Где-то за шелевочным забором взвился черно-рыжий столб дыма, раздался грохот, заскрипели доски, задребезжали стекла. И взрыв осенил Дундича.
- О, эврика! - воскликнул он, поддерживая поручика И направляя его к двери. - Ваня, бери сажай в седло. Едем. А ты, - обернулся к часовому, - выпускай их. Гони на берег. Сажай в лодки. Пусть гребут на ту сторону. Уразумел?
Серо-суконная поверхность Волги обдала прохладой, упругой волной прибивала рыбацкую шаланду к берегу. Шпитальный, погружая весла по самый валик, наваливался на них с таким рвением, что уключины готовы были вырваться из гнезд.

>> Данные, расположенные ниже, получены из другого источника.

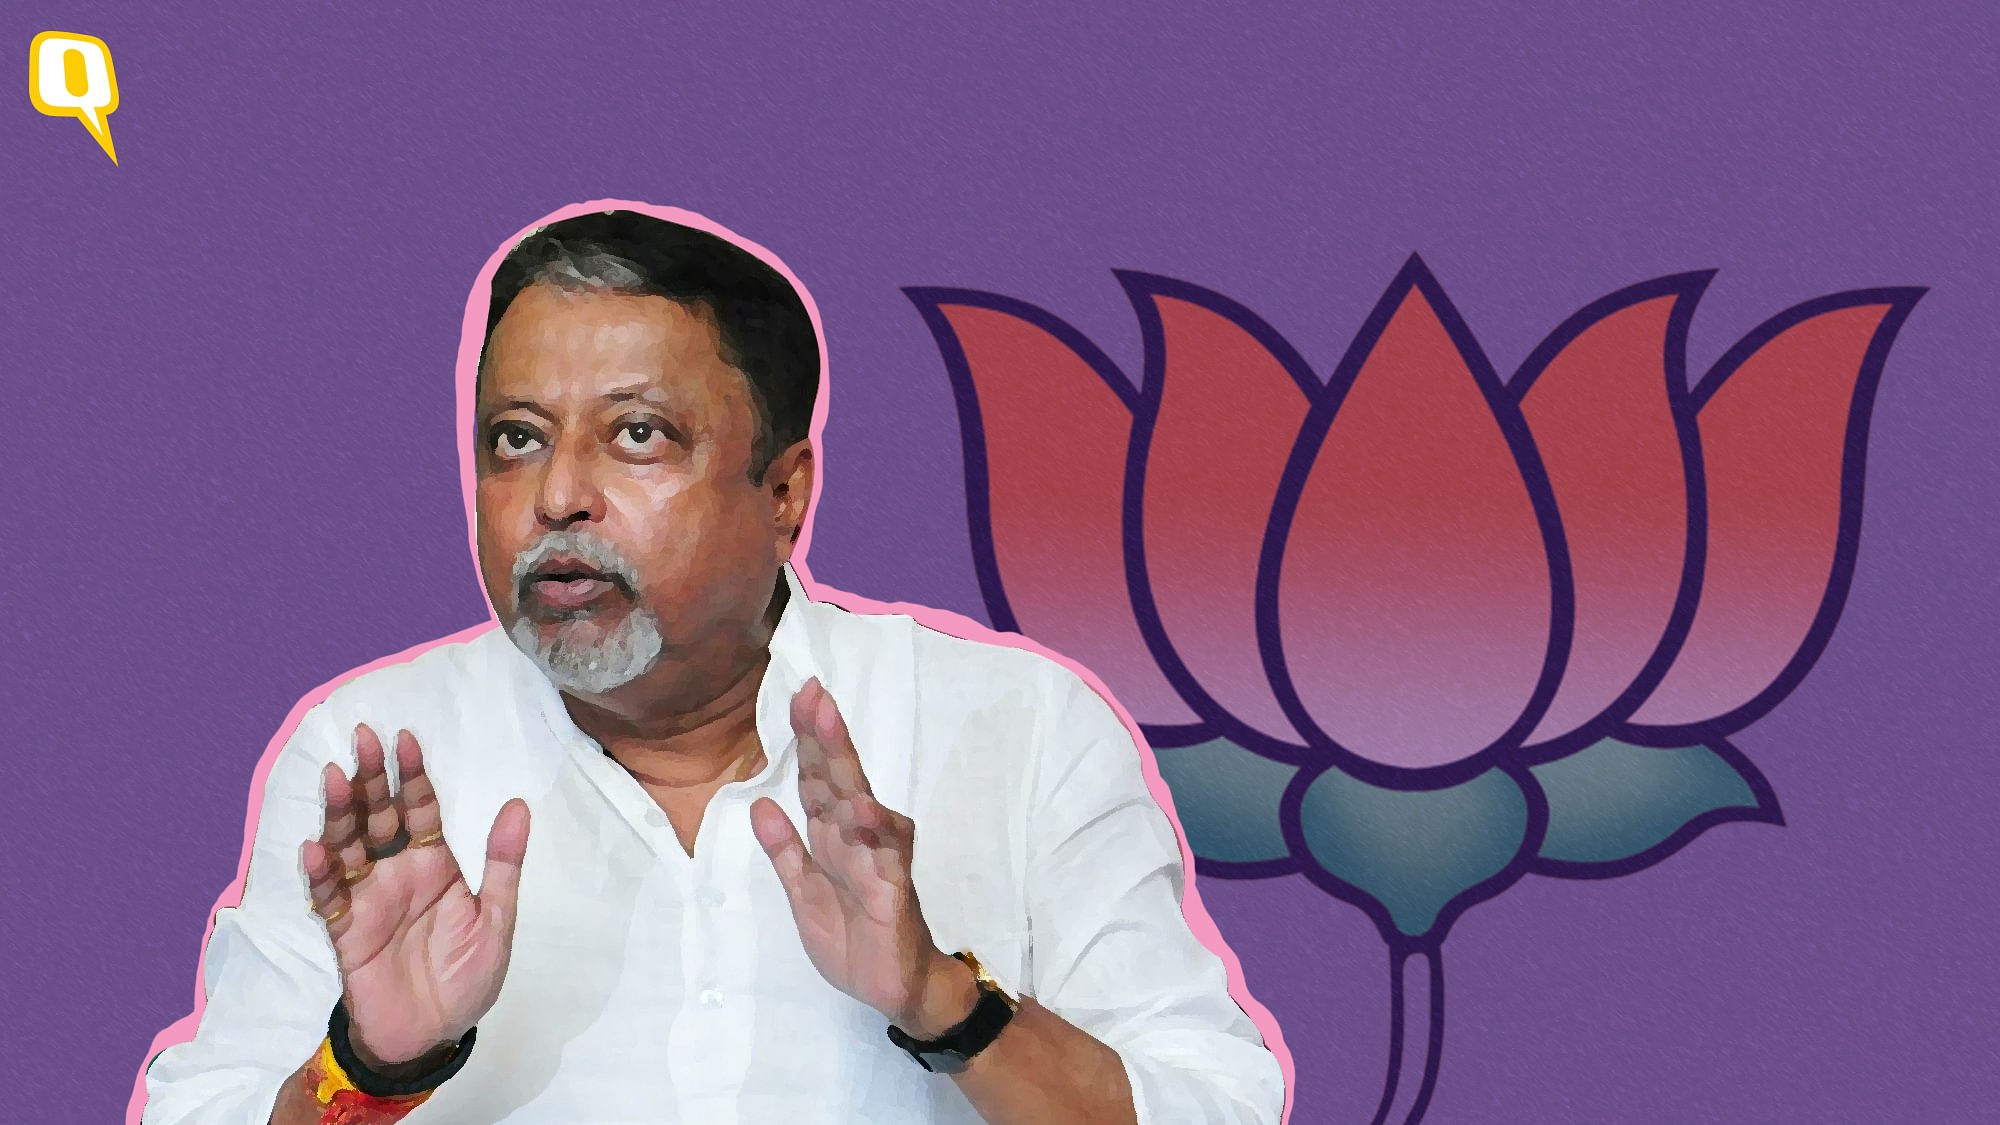 On Saturday, BJP leader Mukul Roy, who himself had jumped ship from the Trinamool Congress in late 2017, made a bold claim.

- Жми, Ваня! - просил Дундич, оглядываясь на пустынный берег. Вот-вот там могли появиться белые. Тогда они без особого труда расстреляют одинокую лодку, барахтающуюся на высокой зыби.

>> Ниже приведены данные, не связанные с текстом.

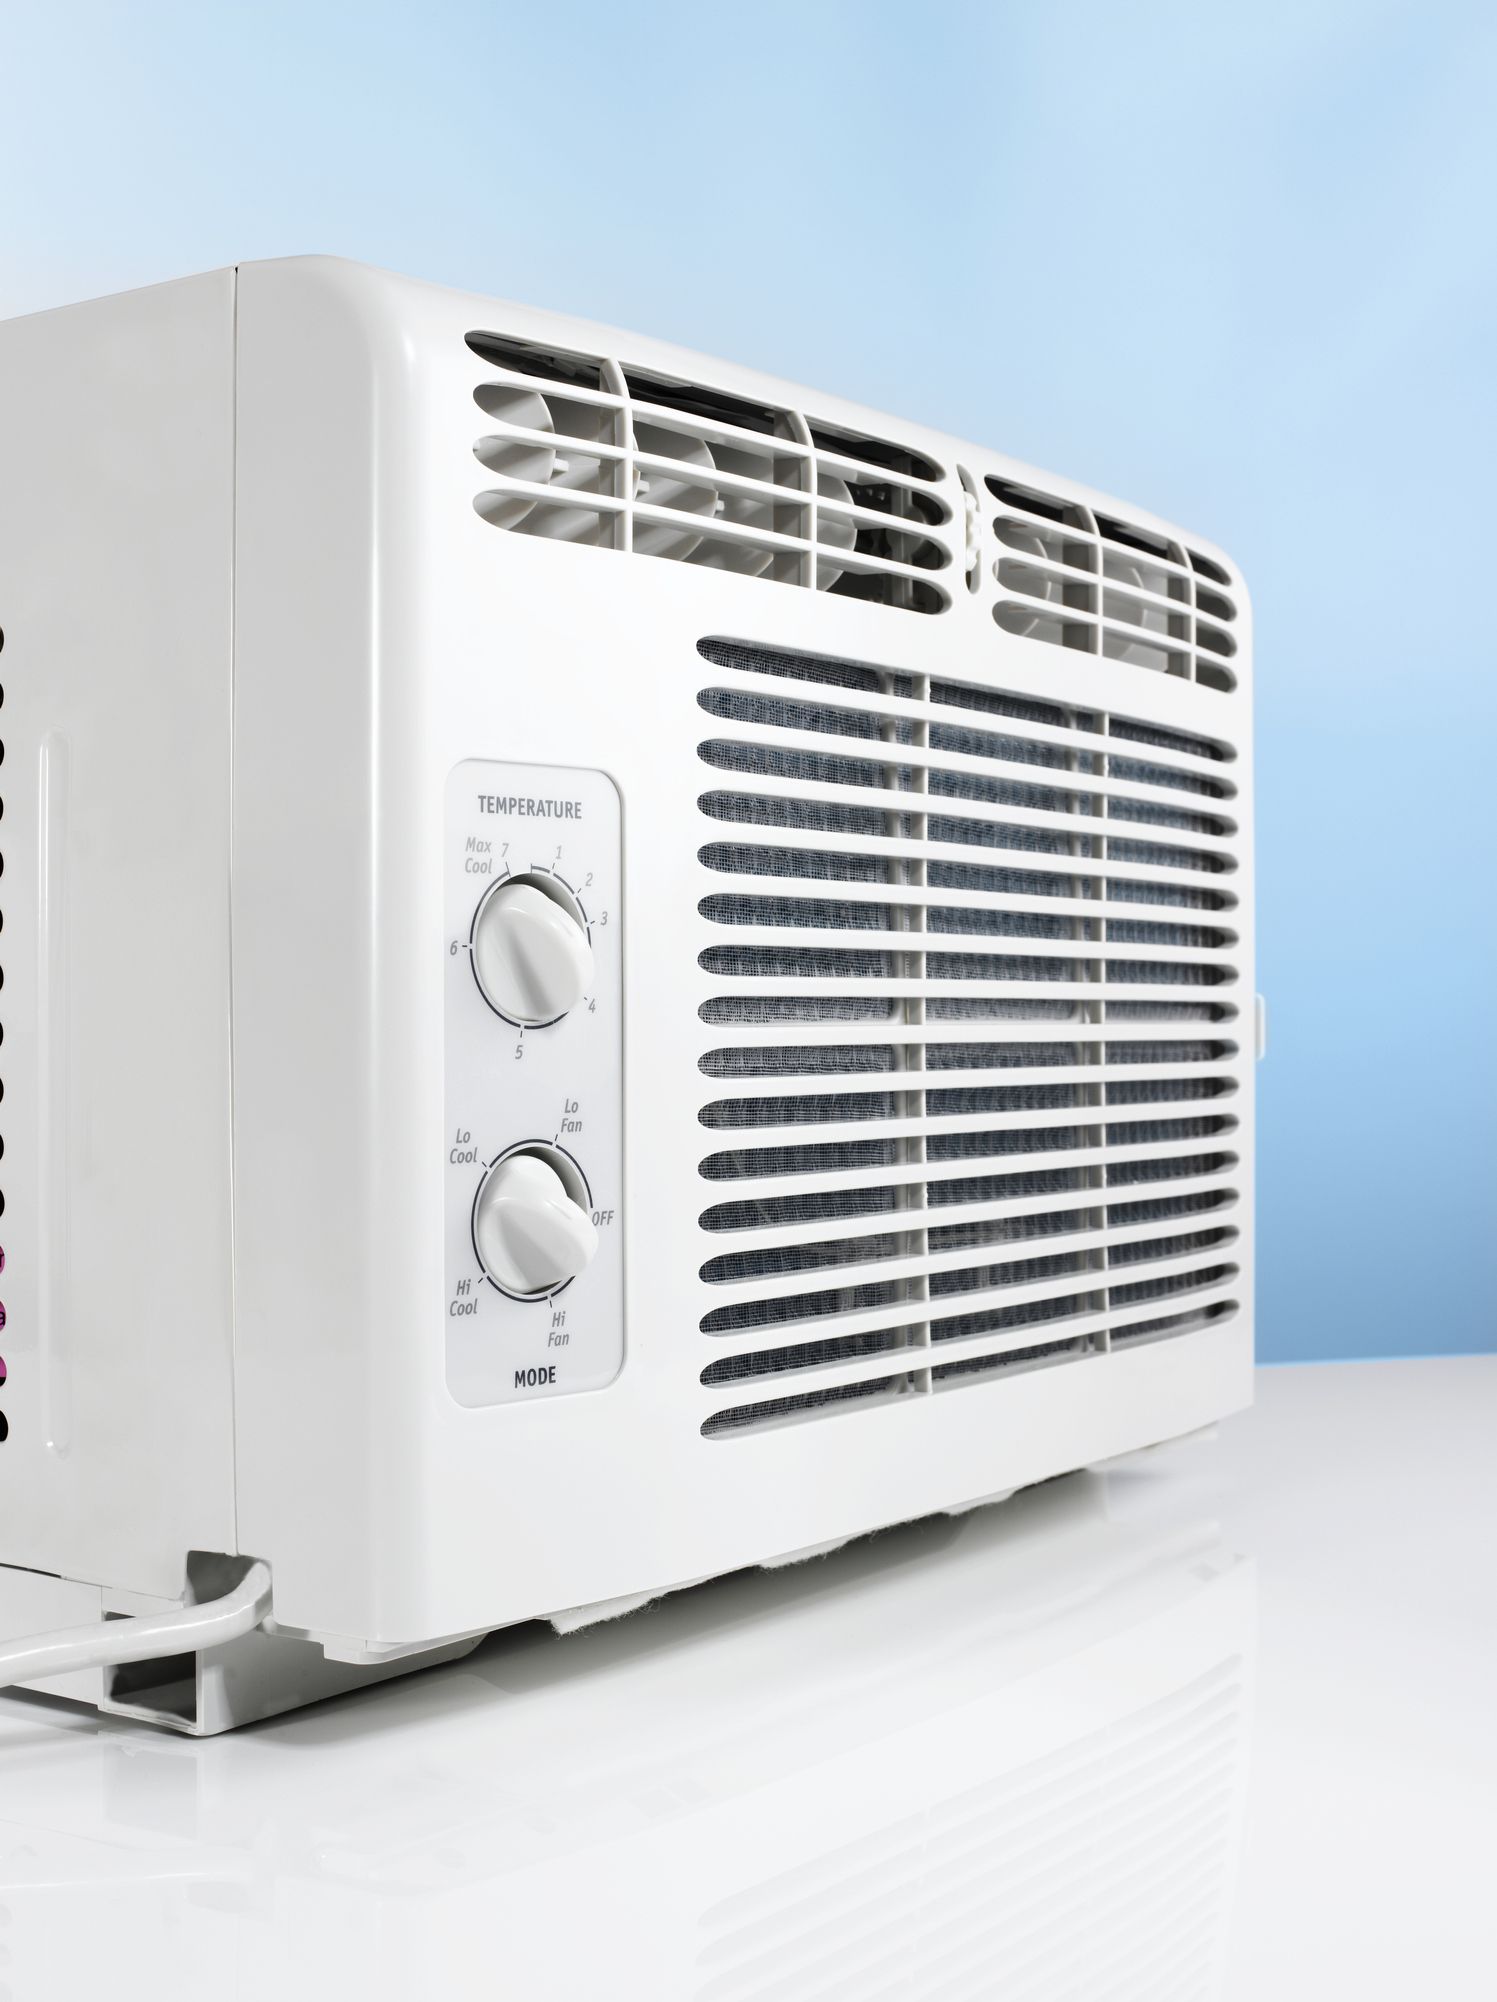 Product, Home appliance, Technology, Electronic device, Air conditioning, Heat, Small appliance,

Поручик, привалившись к борту, с тоской смертника глядел на незадачливого гребца. Наконец он простонал:
- Меньше опускай весло.
Ординарец послушался совета пленника. Теперь он почувствовал, как лодка легче пошла вперед, то зарываясь, то вскидывая над гребнями острый нос. На катере заметили рыбацкую шаланду, и команда, собравшись возле рубки, пристально следила за ней и за тем, что происходило на берегу. Дундич тоже оглядывался назад. К счастью, белые еще не ворвались на набережную: выстрелы гремели где-то на окраине. Стрепухов держал слово. Когда команда катера различила на шинелях офицерские погоны, она стала охотно и дружно помогать Шпитальному советами:
- Загребай левой! Бери выше!
До борта баркаса оставалось метра два. Дундич потребовал бросить причалок. С третьей попытки удалось схватить пеньковую чалку и подтянуть лодку к судну. Дундич, еще раз оглянувшись на город, с помощью матроса поднялся на палубу. Среди черных бушлатов выделил серую шинель поручика, представился:
- Начальник тюрьмы Черкесов. - И, не дав возможности вступить с собой в беседу, приказал: - Это Ярцев. Он ранен. Помогите поручику. Где доктор?
Эта решительность, бесцеремонность чуть не взбесила начальника конвоя, но, стараясь сохранить самообладание, он ответил:
- Доктора нет.
В свою очередь он поинтересовался: разве нельзя было сделать перевязку на берегу? Дундич обжег молодого офицера разъяренным взглядом.
- Не видите, что там творится? Красные ворвались в Дубовку.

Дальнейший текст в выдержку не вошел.